Pak Djatmiko makan dengan lahap. Bukan karena masakan nasi kuning hari itu terasa lebih lezat dari biasanya, tetapi karena beliau menghabiskannya dengan anak laki-laki bungsu di keluarga ini. Momen ini mungkin tak akan terjadi lagi selama dua bulan ke depan setelah Ega bertolak ke Massachusetts, jadi beliau hanya ingin mengenang momen ini dengan baik.

"Aku belum pernah jadi asdos," ucap Ega membuka obrolan setelah cukup lama mereka terfokus pada makanan masing-masing. "Tapi yang aku tahu dari temanku yang pernah jadi ketua kelas, kayaknya nggak banyak juga tugasnya, 'kan? Cuma bagi handout perkuliahan, bikin materi presentasi untuk kelas, sama ngatur jadwal kuliah sama ketua kelas aja."
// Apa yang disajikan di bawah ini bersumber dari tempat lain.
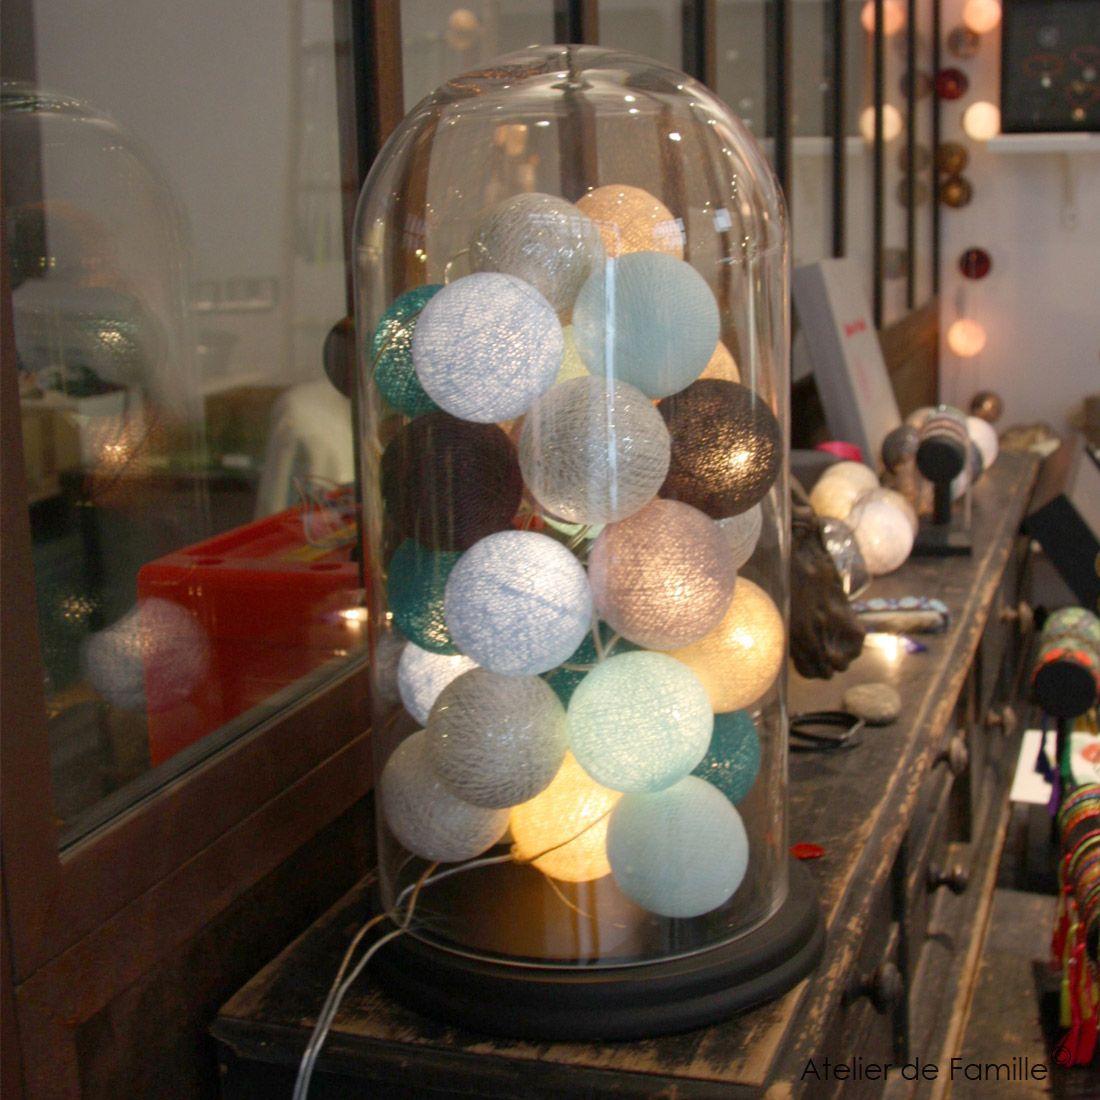 Guirlande lumineuse 17 boules en coton longueur 17m Atelier de
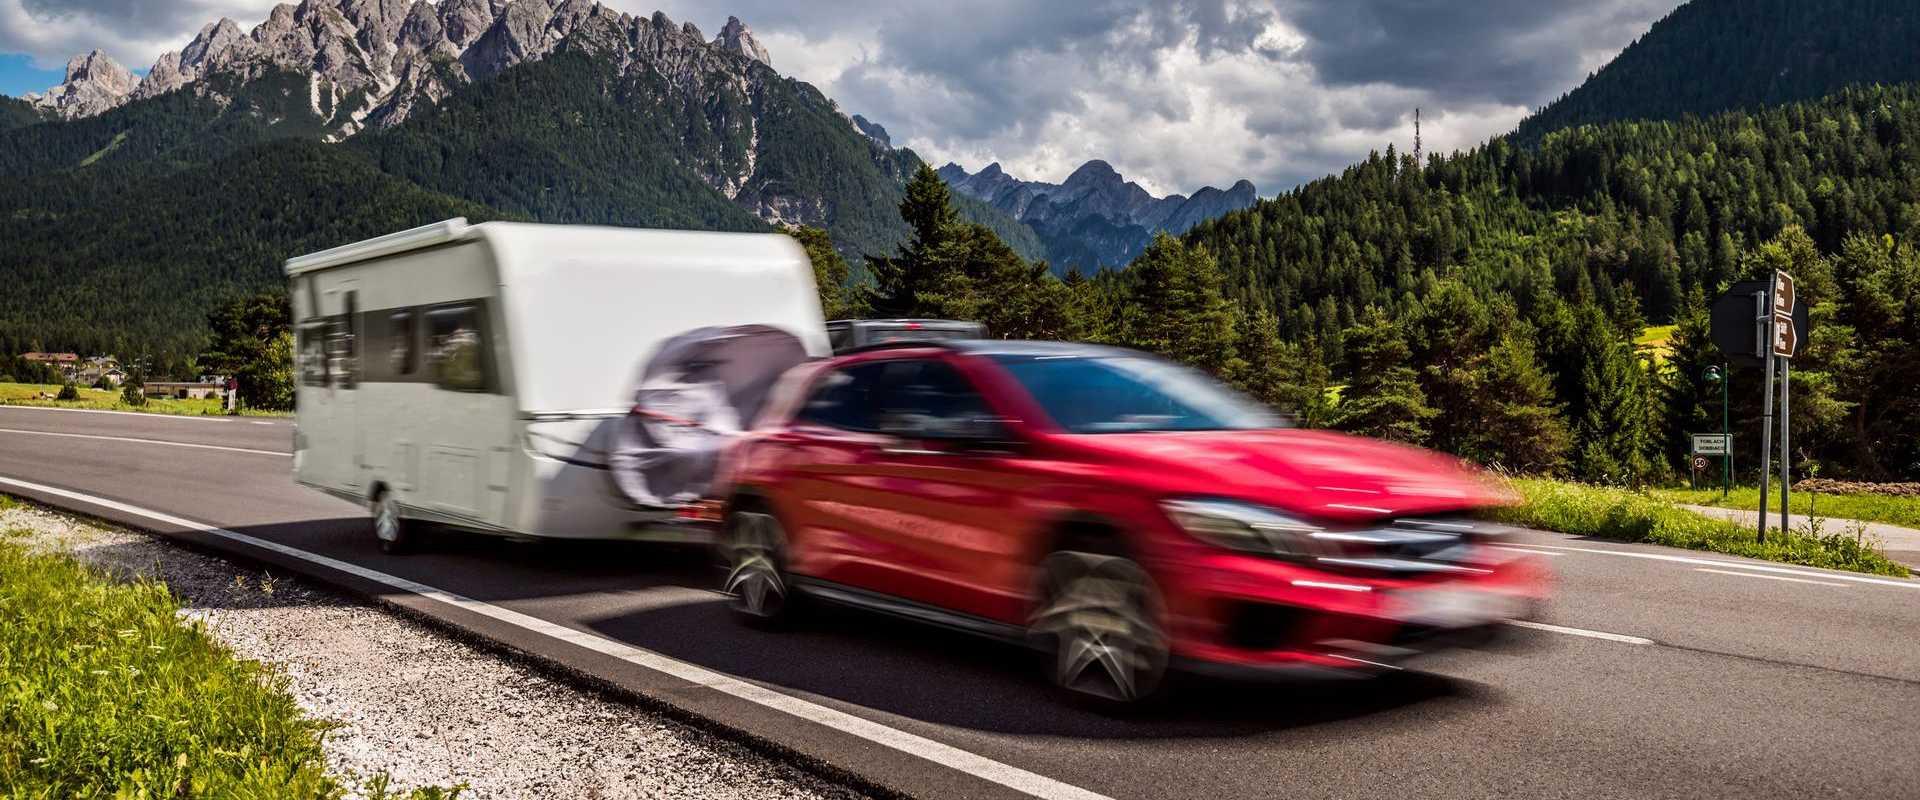 S karavanem, přívěsem po Evropě

"Jadwal bimbingan skripsi juga, jangan lupa." Pak Djatmiko menyelesaikan kunyahan makanannya, sebelum menarik keluar secarik kertas dari dalam map biru bergambar Twitsy. Ega mengenali map tersebut sebagai map milik si burung Manyar, mahasiswi bimbingan Bapak yang agak barbar dan kurang sopan, tetapi ia tak mengatakan apa-apa pada bapaknya tentang ucapan Manyari yang tak sengaja ia curi dengar pada minggu lalu. "Ini nama anak-anak Bapak, nanti biar mereka menghubungi lewat kamu kalau mau bimbingan skripsi."

Ega memindai daftar tersebut dengan teliti. Ia mendapati nama Manyari di barisan paling atas, tetapi ia mengabaikannya. Tiba-tiba saja sebuah ide cemerlang terlintas dalam kepala Ega. Ia mungkin akan memberi sedikit pelajaran pada Manyari melalui ini. Senyum Ega terkembang, membayangkan potensi yang akan terjadi jika dia ikut turun tangan dalam proses 'pendidikan' Manyari. Lagipula, bukankah itu juga salah satu tugas asisten dosen? Membantu menertibkan mahasiswa yang membangkang.

"Kalau udah nggak ada lagi yang bisa kukerjakan, ayo kita berangkat sekarang, Pak. Takut kejebak macet di jalan." Ega menyingkirkan piring bekas makannya ke wastafel lalu mencuci tangan di air mengalir. Ia akan mencuci piringnya nanti sepulang dari kampus karena saat ini Ega sangat tidak sabar untuk bisa menjalankan rencananya.